2020年9月-この人のセニョ〜ム ユソフ・ガジャさん

こどもになりきって描く「象おじさん」 インスピレーションには待ったナシ!

ユソフ・ガジャさん

1954年ネグリ・スンビラン州ジョホル生まれ。小学校から高校までシンガポールにて教育を 受ける。72~ 75年、インドネシアのアート学院で学ぶ傍ら、積極的にグループ展にも参加。マレーシア帰国後は、広告会社でグラフィックデザイナーとして勤めるが、78年より本格的にイラストレーターとしての活動を開始。80年、福岡市美術館開館1周年記念特別展『アジア現代美術展』に出展、以後、国内外で名を馳せる画家として活躍。96年度『第10回野間国際絵本原画コンクール』大賞受賞。

 カラフルでユーモラスであどけない象の絵。ご存知の方も多いはず。幼い頃、動物園で象に乗る機会があった。その瞬間から象が大好きになり、象を描くようになり、7歳には画家を志していたという。両親の勧めで農業科カレッジに進学にするも数ヵ月で退学。自身の目標に向けてインドネシアの芸大へ入学した。

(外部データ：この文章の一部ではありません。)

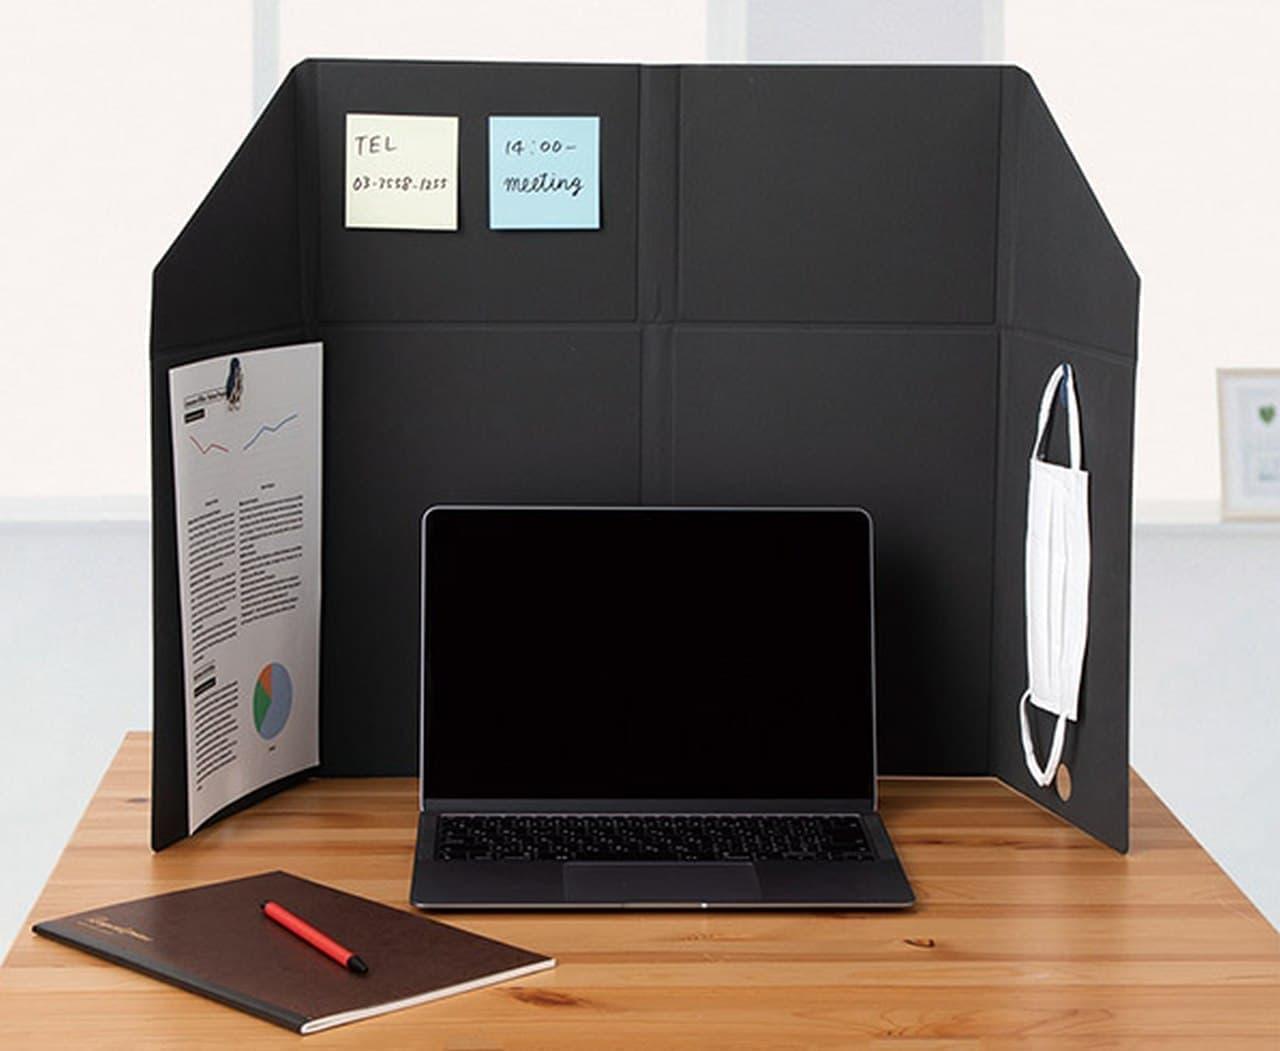 A4ファイルサイズで持ち運びしやすい「デスクパーティション」ナカバヤシから

 マレーシア帰国後「Anak Alam」に所属し、画家や詩人、ミュージシャンといった芸術家たちと過ごした。そこにもう一人、「ユソフ」という名の青年がいた。ややこしいので仲間たちは、象の絵を描いていた彼を「ユソフ・ガジャ(=象)」と呼ぶようになったのだ。「こんな小柄な男が『象さん』だなんて。きっと誰もその由来を想像できんだろ?」と、ガジャさんは茶目っ気たっぷりに笑う。

 82年に結婚。3人のこどもに恵まれ、現在は7人の孫をもつ。結婚を機に、妻のザキアさんと自宅にギャラリーを作るも運営はうまくいかず、90年代は「シティ・スクエア」にギャラリーを借りて活動した。土日には画家を志す若者を集め、食べ物を持ち寄り、アートについて語らい、交流を深めた。

 「私の作風は『ナイーヴ・アート(=素朴派)』だ」。ナイーヴ・アートとは、専門的な美術教育を受けたことのない作家が描く、素朴で独創的な絵のこと。厳密にいえば、ガジャさんは芸大で美術を専攻していたのでナイーヴ・アートとは言えないかもしれない。しかし、彼はマレーシアのナイーヴ・アート界の先駆者として、次世代の画家たちを力強く牽引している。

 「こどもはみんなアーティスト。こどもの絵は、素朴でカラフルで陽気で活気がある。だから私はこどもになりきって描くんだ。インスピレーションはね、誰にでも降って来る、突然に。でも一瞬にして消える。その瞬間を逃すまいと常に描く準備は万端だ。たとえタオル一枚の姿でもね」。

 一方、絵本作家としてはこうも語る。「赤ん坊は毎日たくさん産まれてくるというのに、マレーシアには乳幼児向けの絵本が少ない。だから、0~4歳まで子が喜ぶ絵本をたくさん作っていきたいんだ」。ゆえに、国内外の絵本コンクールの審査員、絵本作家の育成にも力を入れている。

 バティック作家となったザキアさんと画家の娘と一緒に、現在はバトゥ・ケイブ付近にスタジオを構え、ワークショップや制作活動を続けている。